En el siglo VII los árabes musulmanes, impulsados por la idea de la “guerra santa”, emprendieron una frenética expansión por todo el Oriente Medio y el norte de África, llegando hasta las costas del océano Atlántico.
Tropas árabes y beréberes cruzaron el estrecho de Gibraltar en el año 711 e iniciaron la conquista de la península ibérica aprovechando las divisiones del reino visigodo, que estaba envuelto en una de sus constantes querellas internas.
El beréber Tariq, con el beneplácito del gobernador del Norte de África, Musa ibn Nusayr, se enfrentó y venció en la batalla de Guadalete (711) al último rey visigodo, Rodrigo, que perdió la vida en el combate. Aquel éxito fulgurante, y seguramente inesperado, alentó a los invasores y decidieron quedarse para continuar el avance por las tierras hispanas.
A partir de Guadalete, la toma de plazas se sucede velozmente. Las ventajas de los pactos que ofrecen los musulmanes facilitan el avance, porque permiten conservar la religión a los cristianos a cambio de un tributo, respetan las autoridades existentes y mantienen las propiedades de los que se someten pacíficamente. La Crónica Mozárabe, no obstante, invita a suponer que también hubo gravísimas violencias que con frecuencia han sido pasadas por alto entre los estudiosos de al-Ándalus, y que motivarían la huida de un buen número de partidarios de Rodrigo hacia la cordillera Cantábrica.

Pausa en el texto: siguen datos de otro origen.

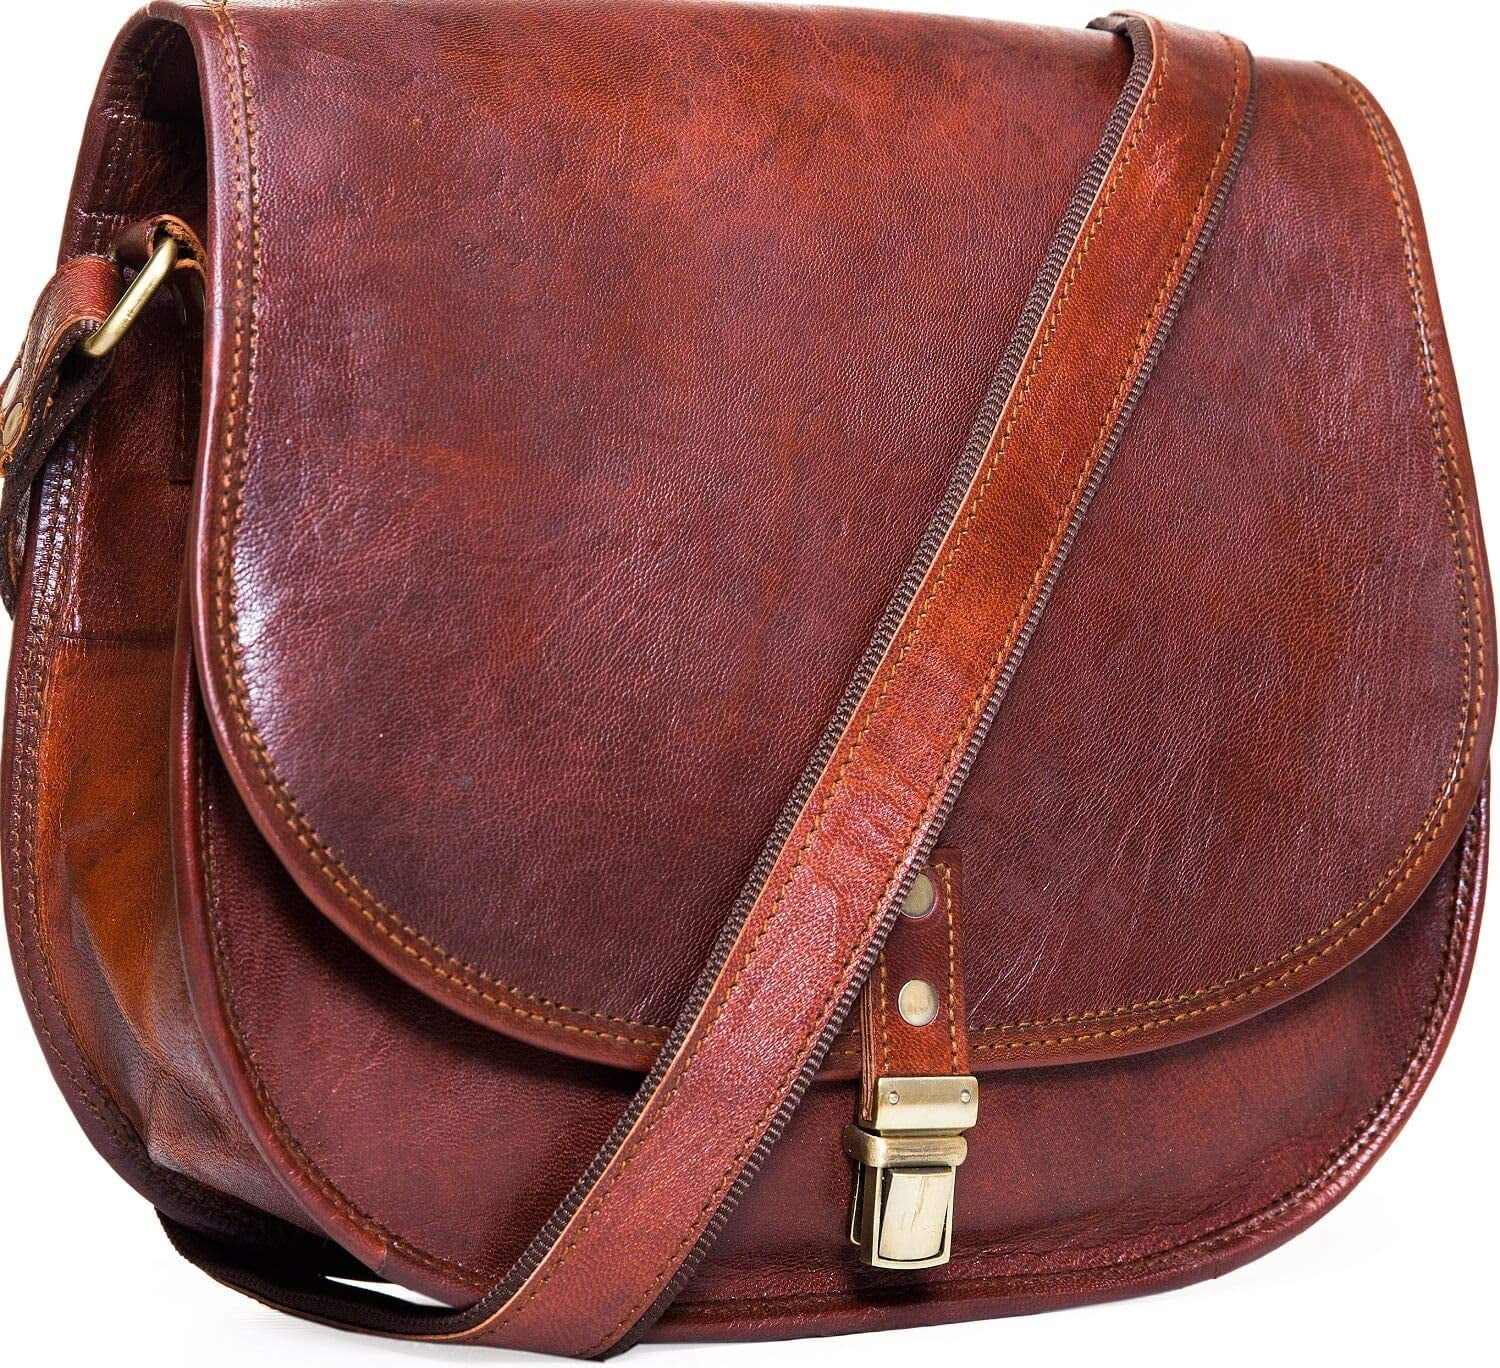 Bags & Purses Handbags Shoulder Bags LADIES Hand Bag LEATHER satchel shoulder crossbody BROWN 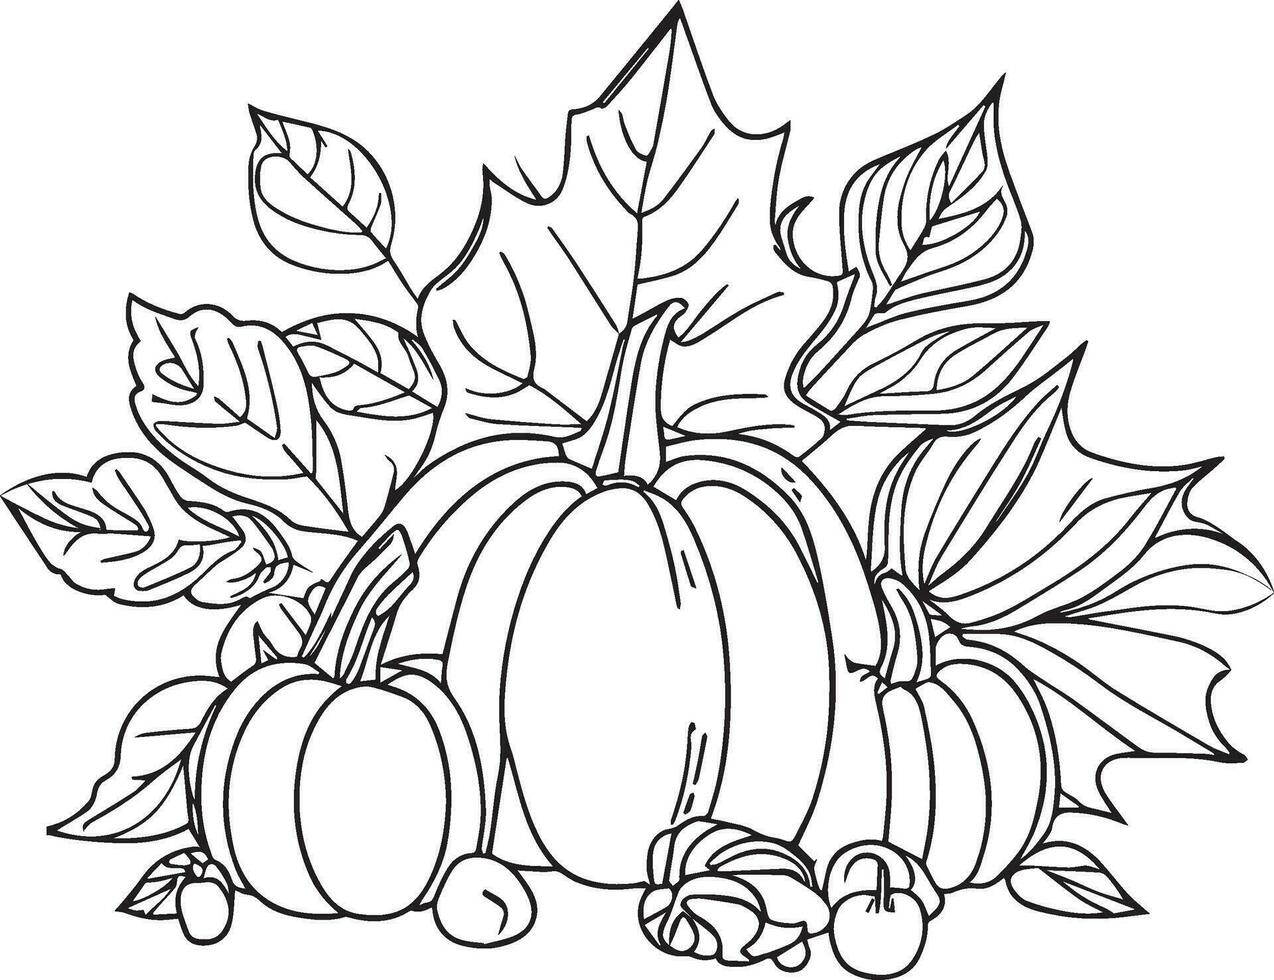 Autumn leaf coloring pages for children, Thanksgiving celebration line drawing, leaf pumpkin line art, September fall leaves illustrations coloring pages vector

En el año 711 caen la zona del Estrecho y Córdoba en poder musulmán. Las ciudades de Medina-Sidonia, Carmona y Sevilla se rinden casi sin lucha, posiblemente porque los partidarios de Rodrigo habían huido y predominaban los de Witiza. Los escasos súbditos del antiguo reino dispuestos a defenderse de la invasión se concentraron en Mérida. En el 712 Musa cruzó el estrecho con un ejército de árabes llegados desde Siria y, uniéndose con las tropas de Tarik en Toledo, conquistaron la Península de sur a norte en un plazo breve; controlado las principales ciudades, estableciendo guarniciones militares y llegando a acuerdos con la población local.
En apenas tres años, los musulmanes lograron conquistar la mayor parte de las tierras hispánicas sin encontrar apenas resistencia. Solo las regiones montañosas de las zonas cantábrica y pirenaica escaparon a su control. Las escasas fuentes disponibles nos hacen pensar que la conquista se realizó principalmente mediante capitulaciones y rendiciones acordadas entre los señores godos y los conquistadores musulmanes. Diversos magnates nobiliarios visigodos decidieron pactar con los invasores, como fue el caso de Teodomiro, en la región murciana.
Esto nos explica la rapidez de la conquista.
La ciudad de Toledo era capital del reino visigodo en el siglo VII, época en que alcanza la ciudad su máximo esplendor. Los concilios y las coronaciones reales se hacían habitualmente en la iglesia de San Pedro y San Pablo, situada en los terrenos en los que se levanta hoy la catedral de Santa María. Entre los años 400 y 702 se celebraron dieciocho concilios en los que, reunidos en asamblea, los obispos de todas las diócesis de Hispania sometían a consideración asuntos de naturaleza tanto política como religiosa.
El último arzobispo toledano visigótico fue Sinderedo o Sindredo (Sinderedus o Sindredus en latín), que a la llegada de los árabes musulmanes invasores era partidario del rey Rodrigo.
Después de la batalla de Guadalete, en 711, Sindredo huyó de Toledo con numerosos clérigos, nobles y fieles hacia el norte, para refugiarse en Zaragoza. Pero un año después, ante el incontenible avance de los invasores, acabó por embarcarse hacia las costas itálicas. Se exilió en Roma, donde sería recibido por el papa Constantinus II, que era de origen sirio. Durante su estancia allí asistió al concilio que el papa Gregorio II presidió en el año 721 contra los ilícitos casamientos de los clérigos, y firmó las actas conciliares como Sinderedus episcopus ex Hispania.
Referencia: Enrique Flórez: España sagrada, vol. V, pp. 320-321.